From the line with "A rare and iconic" to the line with "In excellent vintage condition.", output every line below exactly, both ends included. Skip the pictures.

__Dataset records__.
#####

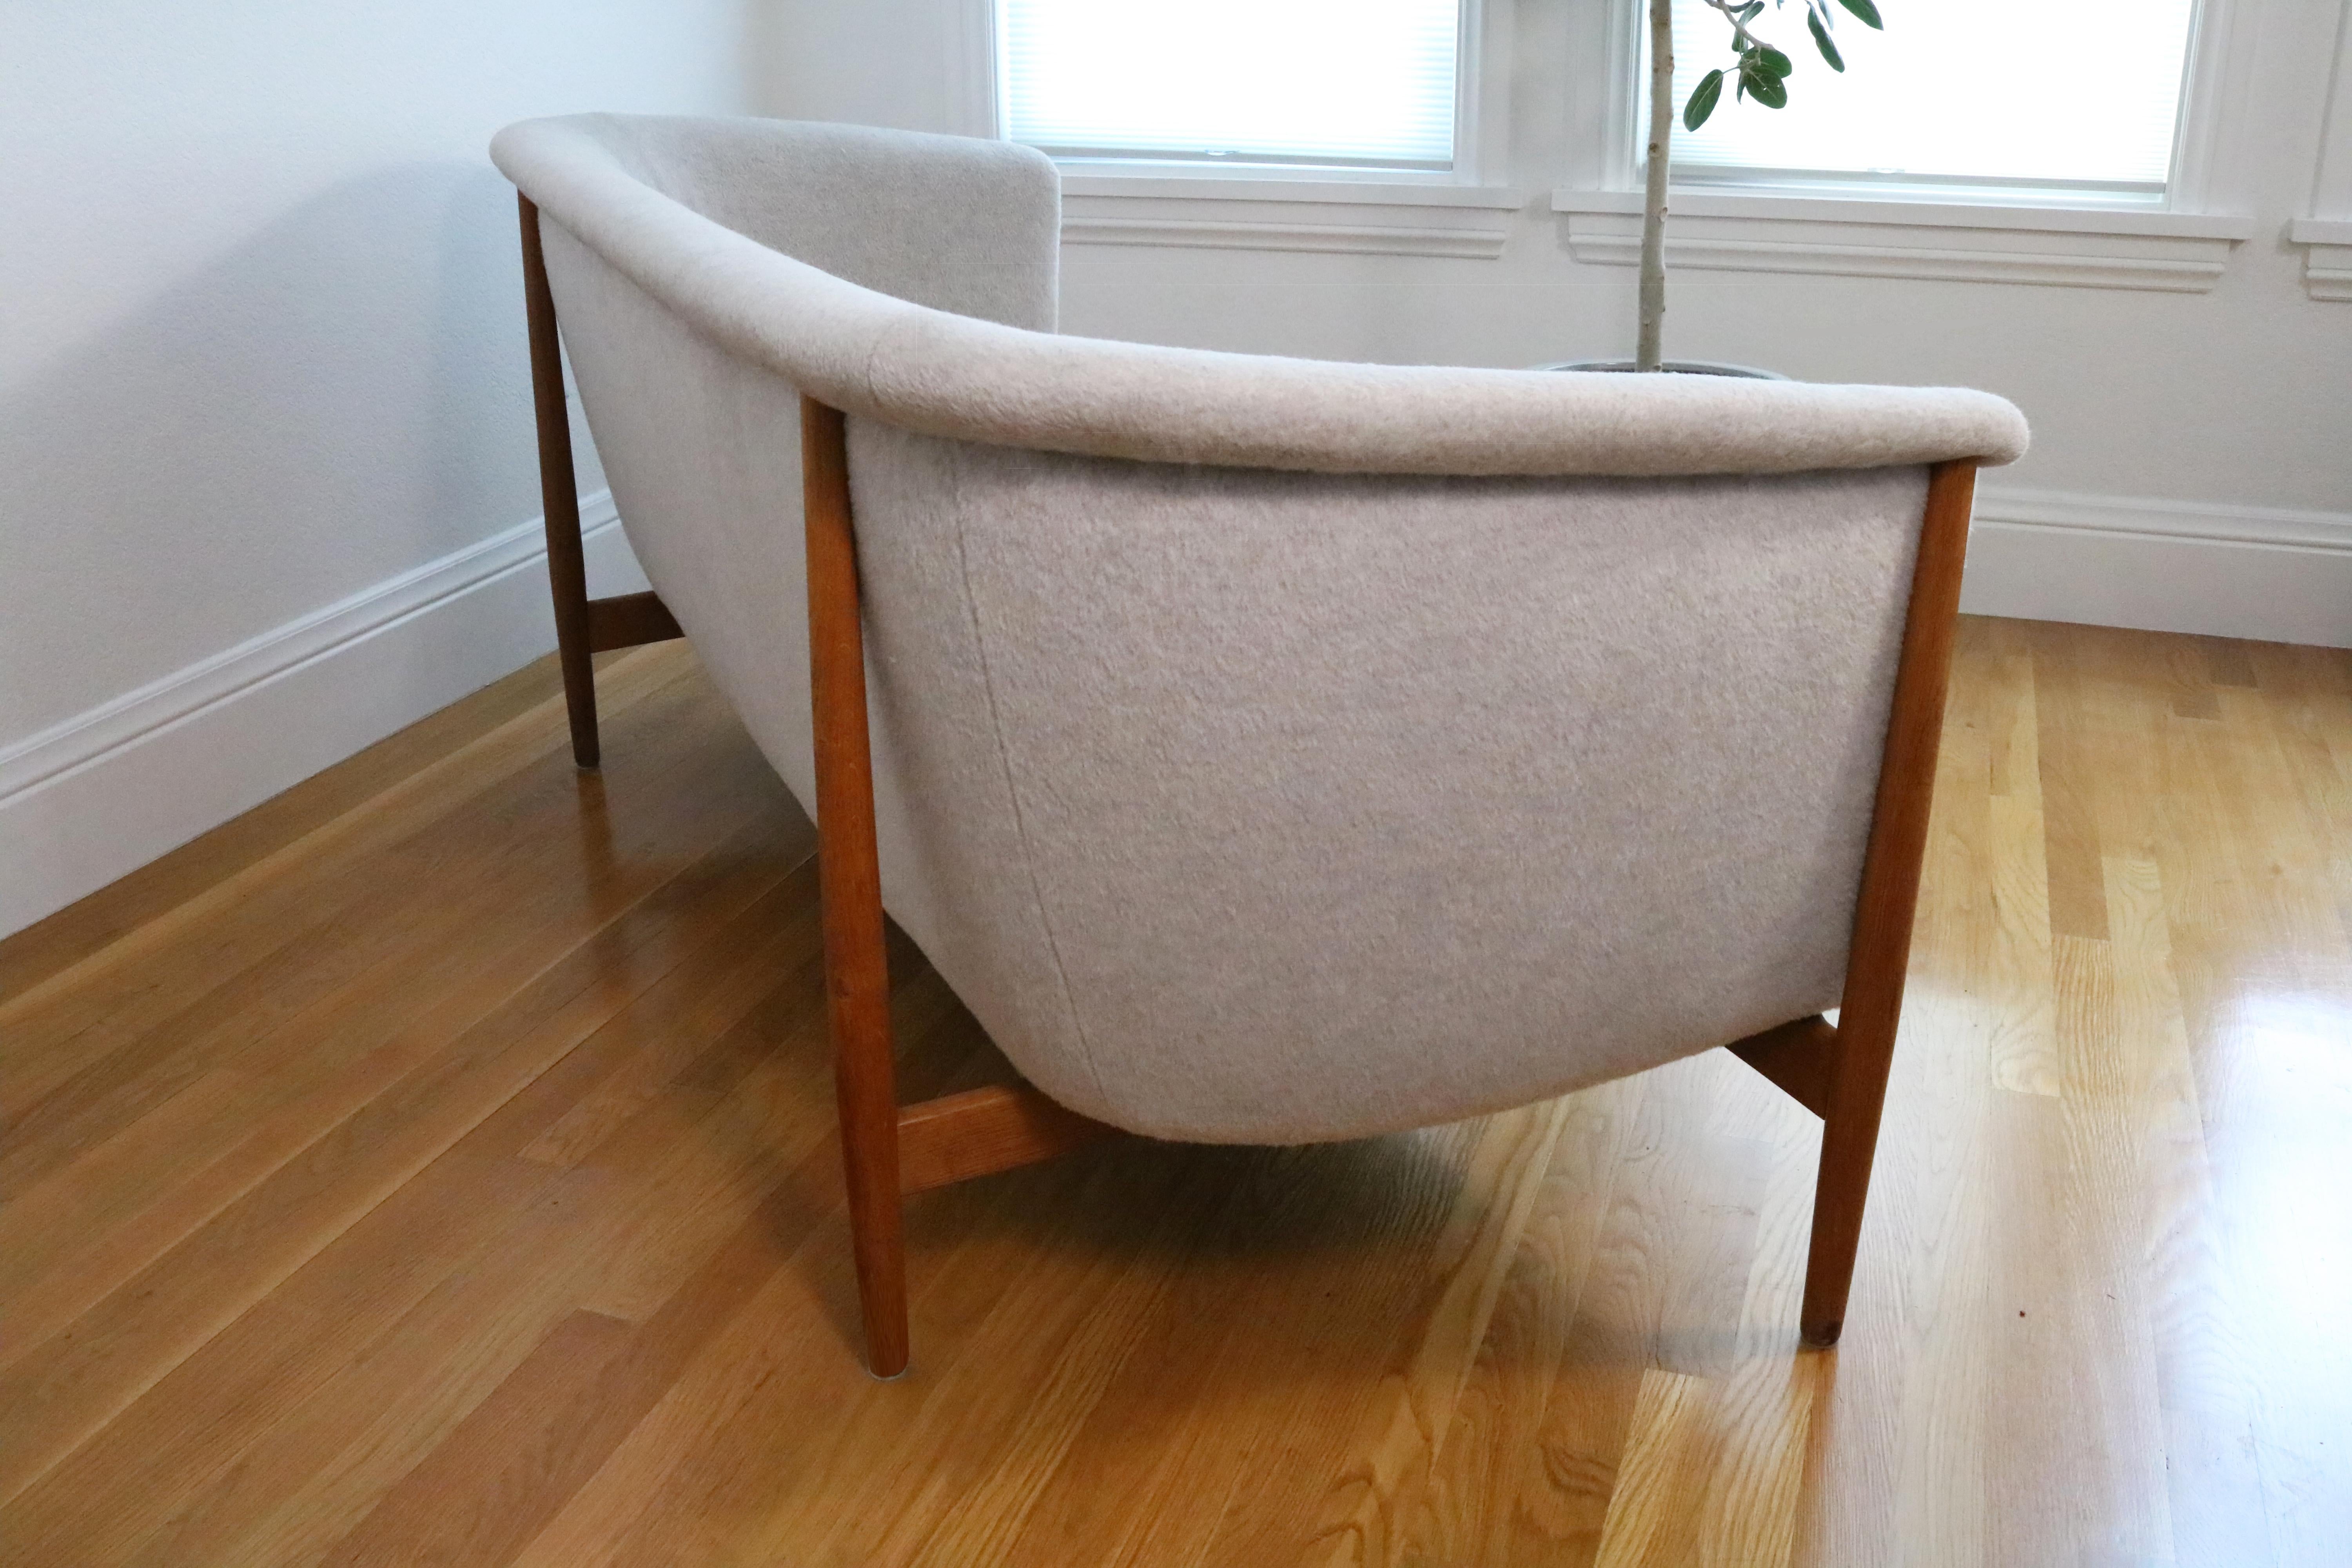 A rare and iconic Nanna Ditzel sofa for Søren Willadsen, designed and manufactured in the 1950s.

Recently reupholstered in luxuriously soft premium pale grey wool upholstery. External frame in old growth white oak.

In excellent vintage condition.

#####

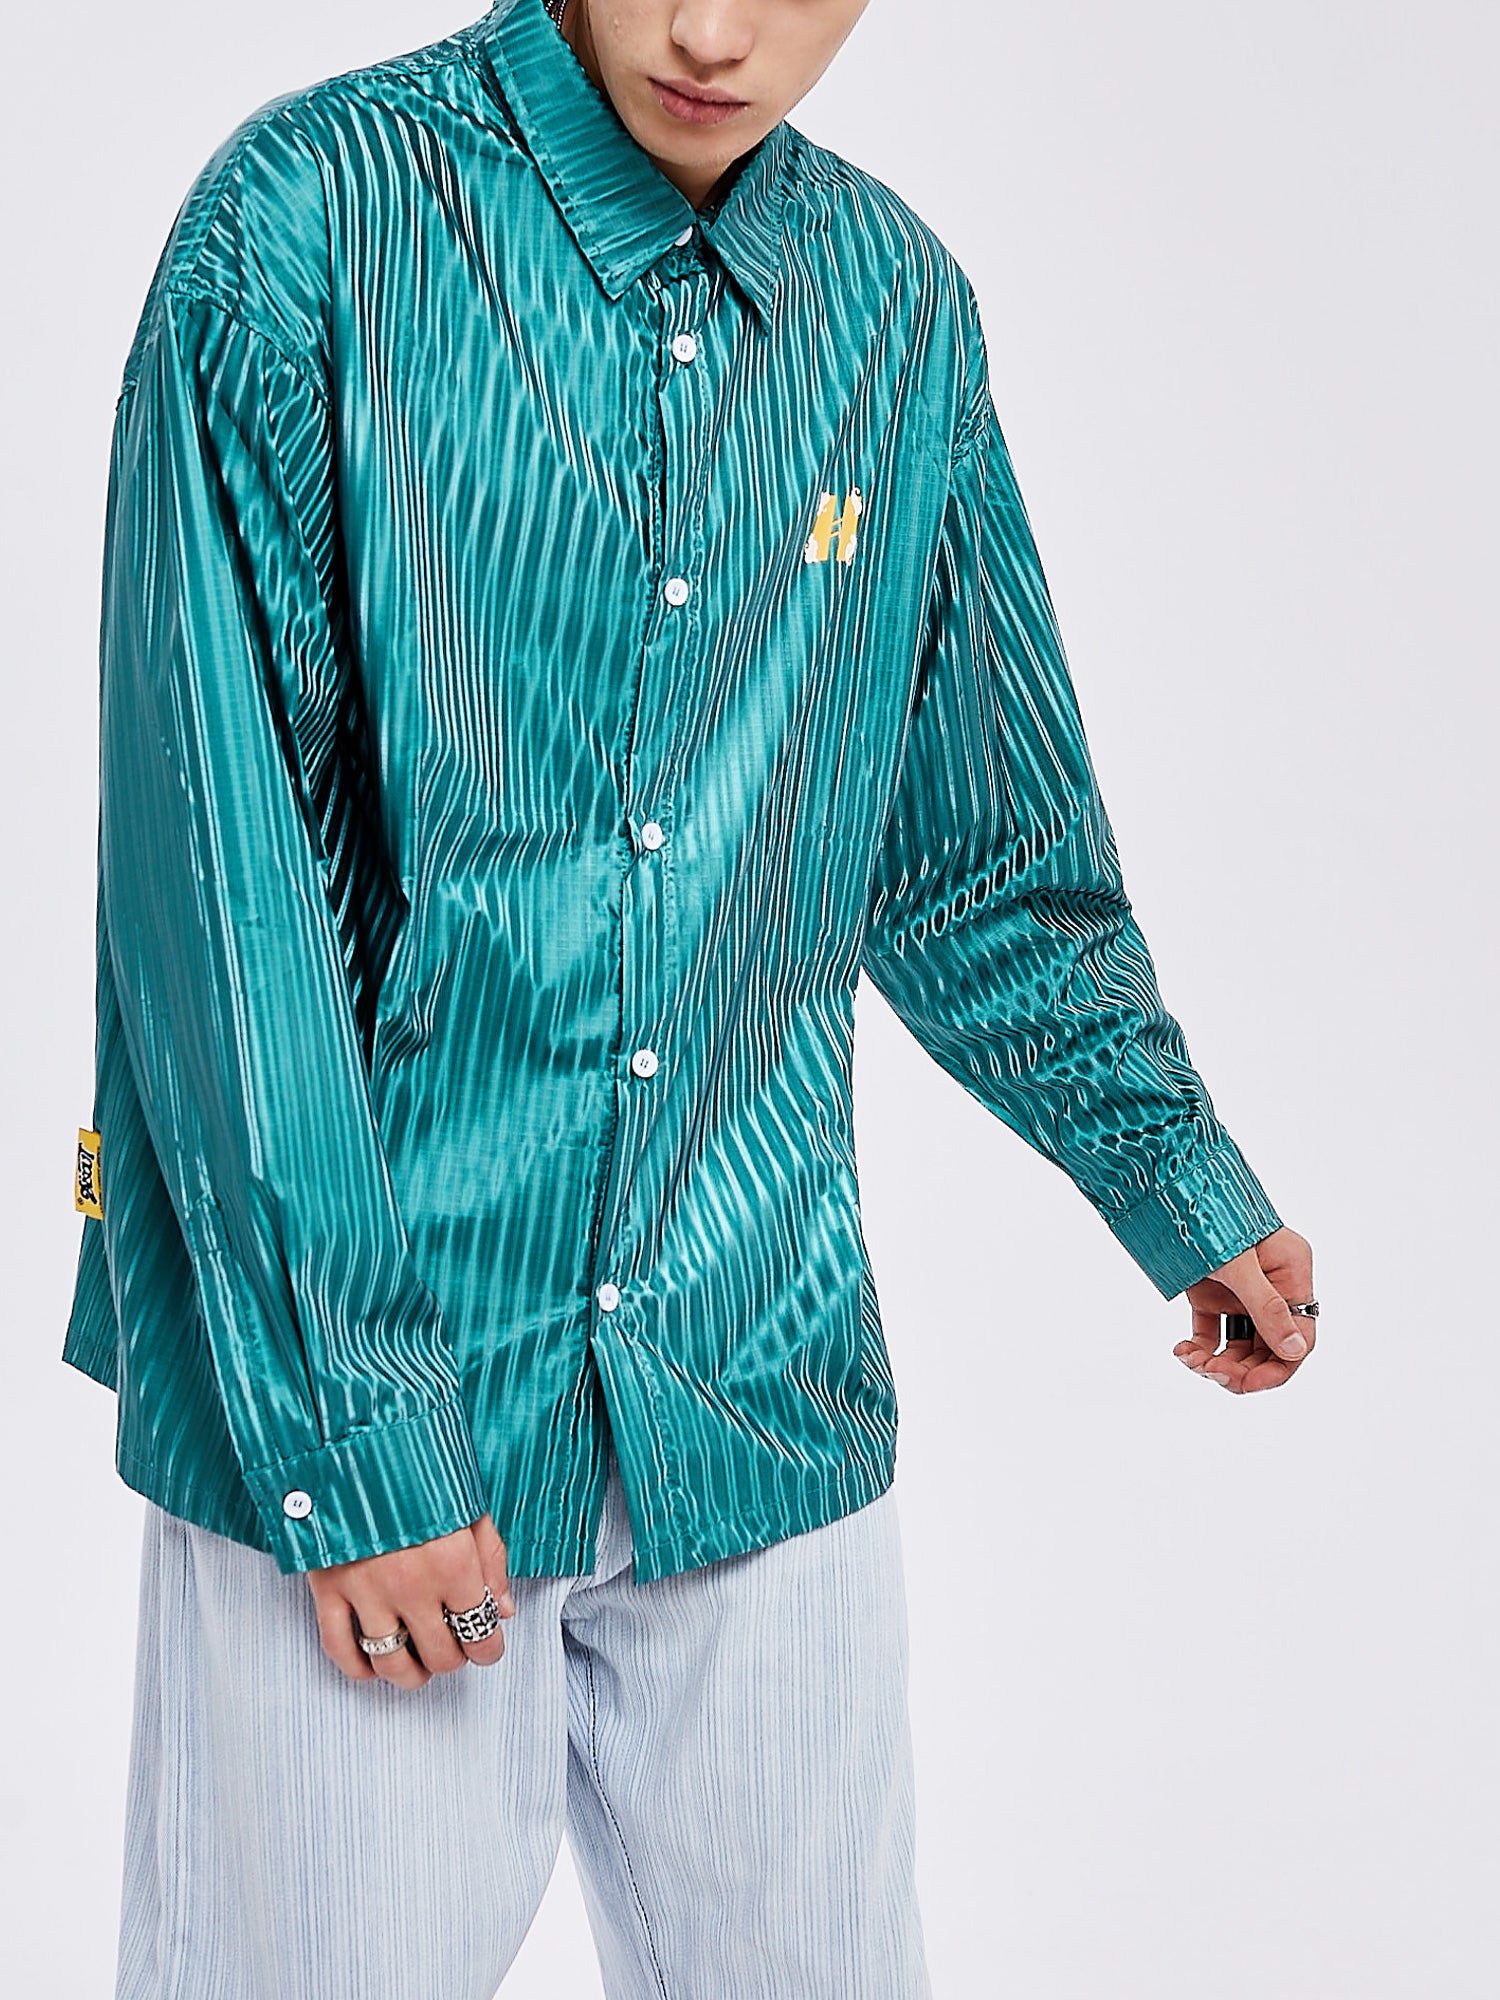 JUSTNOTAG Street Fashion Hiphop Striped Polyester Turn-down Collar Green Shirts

#####

__Result below__.
 A rare and iconic Nanna Ditzel sofa for Søren Willadsen, designed and manufactured in the 1950s.

Recently reupholstered in luxuriously soft premium pale grey wool upholstery. External frame in old growth white oak.

In excellent vintage condition.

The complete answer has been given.